求生的本能會驅使流民哄搶糧倉,飢餓與仇恨會點燃械鬥,地盤與利益的爭奪會重演北境崩潰前的瘋狂。

他不能等。

不能等法條完善、不能等城防築起、不能等舊貴族談判達成。

必須先殺一批人。

殺得夠狠,夠響。

殺得讓這片地上的人聽見鐵錘敲骨的聲音,才會有第一絲「規則」的雛形。

這場公審,是鐵血的號角,是重建的前哨,是路易斯在亂世中開闢的一道「底線」。

而自那日之後,再沒有人敢於在赤潮領私鬥械搶。

再沒有流民敢於擅闖糧庫。

甚至再沒有誰敢對於路易斯·卡爾文這個名字不敬。

因為所有人都知道,那不只是個領主的名字,而是一部剛剛被鮮血寫下、凌駕於舊貴族之上的新法典。

廣場中央,那面熟悉的旗幟緩緩升起。

赤潮之旗,烈焰般的太陽,在北境的寒風中獵獵作響,如一團不滅的,照亮了冰雪,也映紅了刑台下那尚未凝固的血跡。

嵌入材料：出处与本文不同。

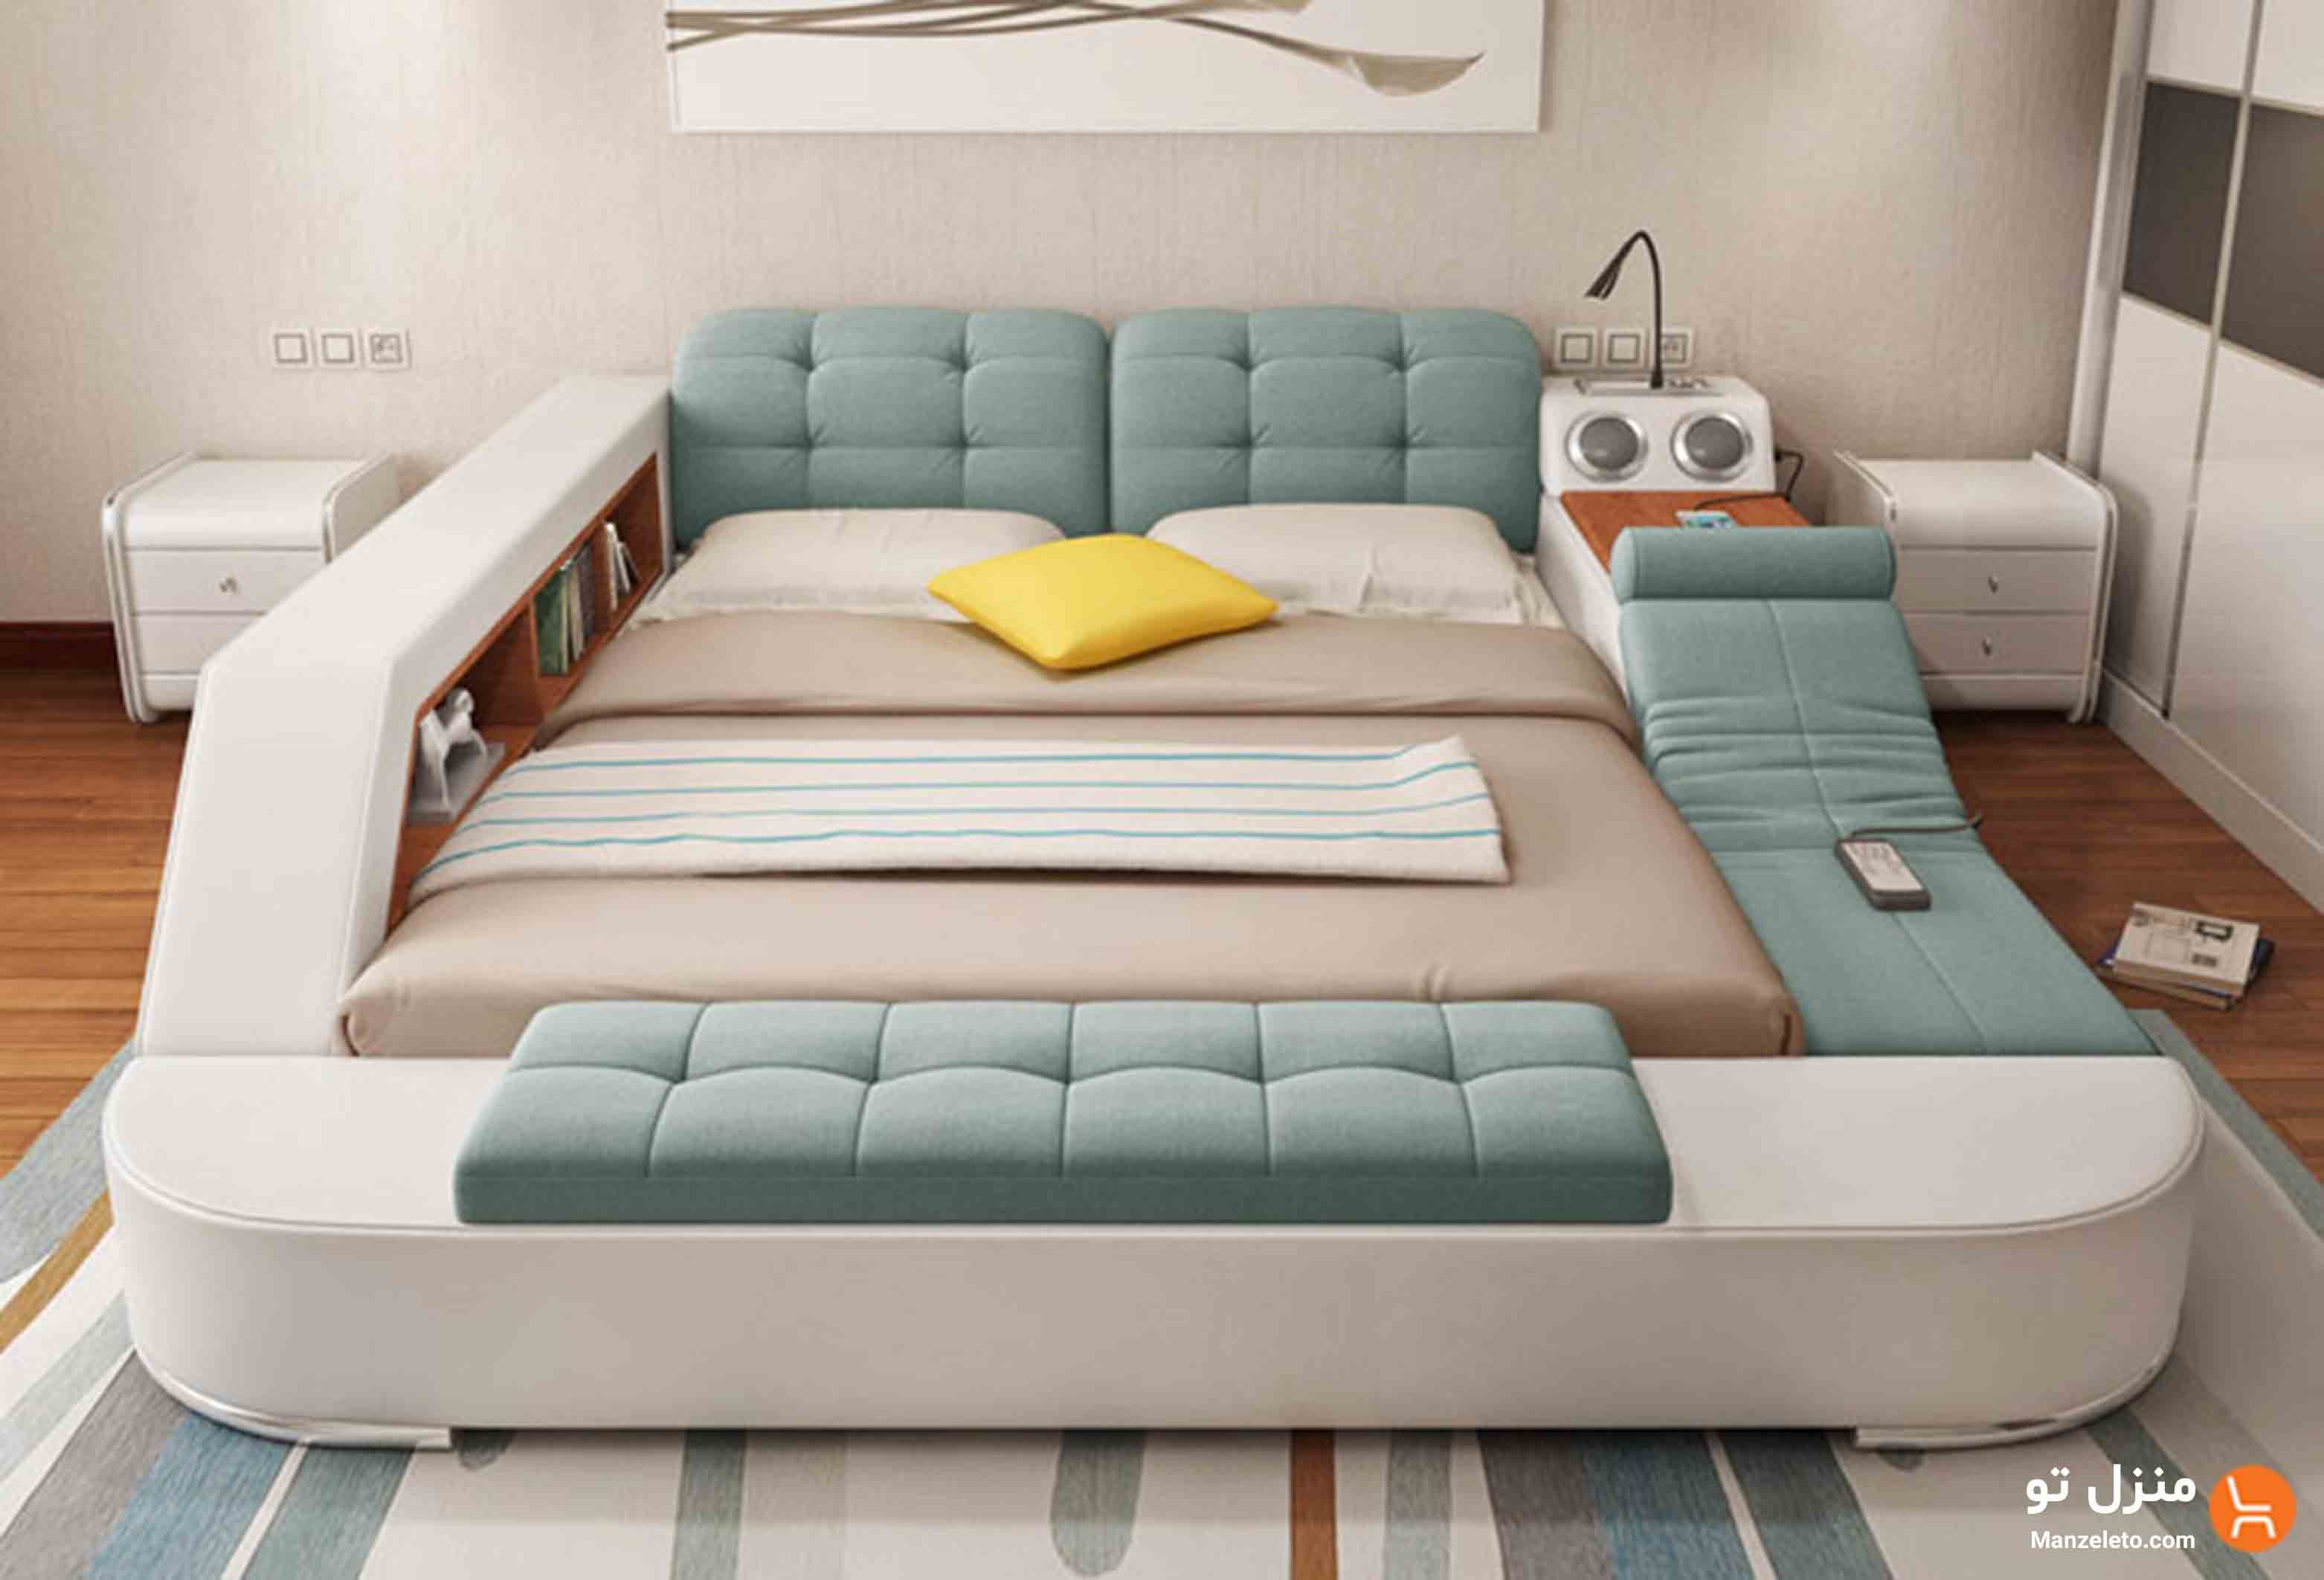 Бывают ли кровати. Многофункциональная кровать Ultimate camas. Многофункциональная кровать Smart Bed азиатская. Кровать многофункциональная Кинг сайз. Кровать татами Аскона.

兩道紅色相互呼應,可就是那一抹顏色,勝過了千言萬語。

它象徵著秩序,象徵著守護,更象徵著那個曾在最黑暗之夜中,將眾人從死亡邊緣拉回的名字。

「赤潮萬歲!」

「路易斯大人萬歲!!」

喊聲如浪潮,從廣場心臟,向著城牆、街巷、甚至屋頂上蜷縮著的人群蔓延開來。

那不是誰命令的,也不是誰帶頭的,而是最原始的、最本能的情緒爆發。

貴族代表們站在一旁,神情複雜。他們本想趁機離開,卻被這突如其來的聲浪震得一陣恍惚。

許多人心中發寒,腳步不由自主地後退了半步。

有人悄聲低語:「這哪裡還是流民?這是……信徒。」

他們終究不敢久留,只得低頭快步離開,一言不發。

他們不敢回頭看高台一眼,只覺得那面赤潮之旗,仿佛無聲地在盯著他們。

而廣場上的原住民與新歸之民,卻依然站在寒風中,望著那道曾立於烈火與蟲潮中的身影,眼中是壓抑太久的熱淚。

一聲高呼之後,便是十聲、百聲、千聲——

「赤潮萬歲!」

「路易斯大人萬歲!!」

那是風雪下的誓言,是廢墟中的忠誠,是百姓對守護者最狂熱的感恩與歸順。

在這動盪之後,在這染血廣場之上,屬於赤潮的秩序,終於徹底紮根。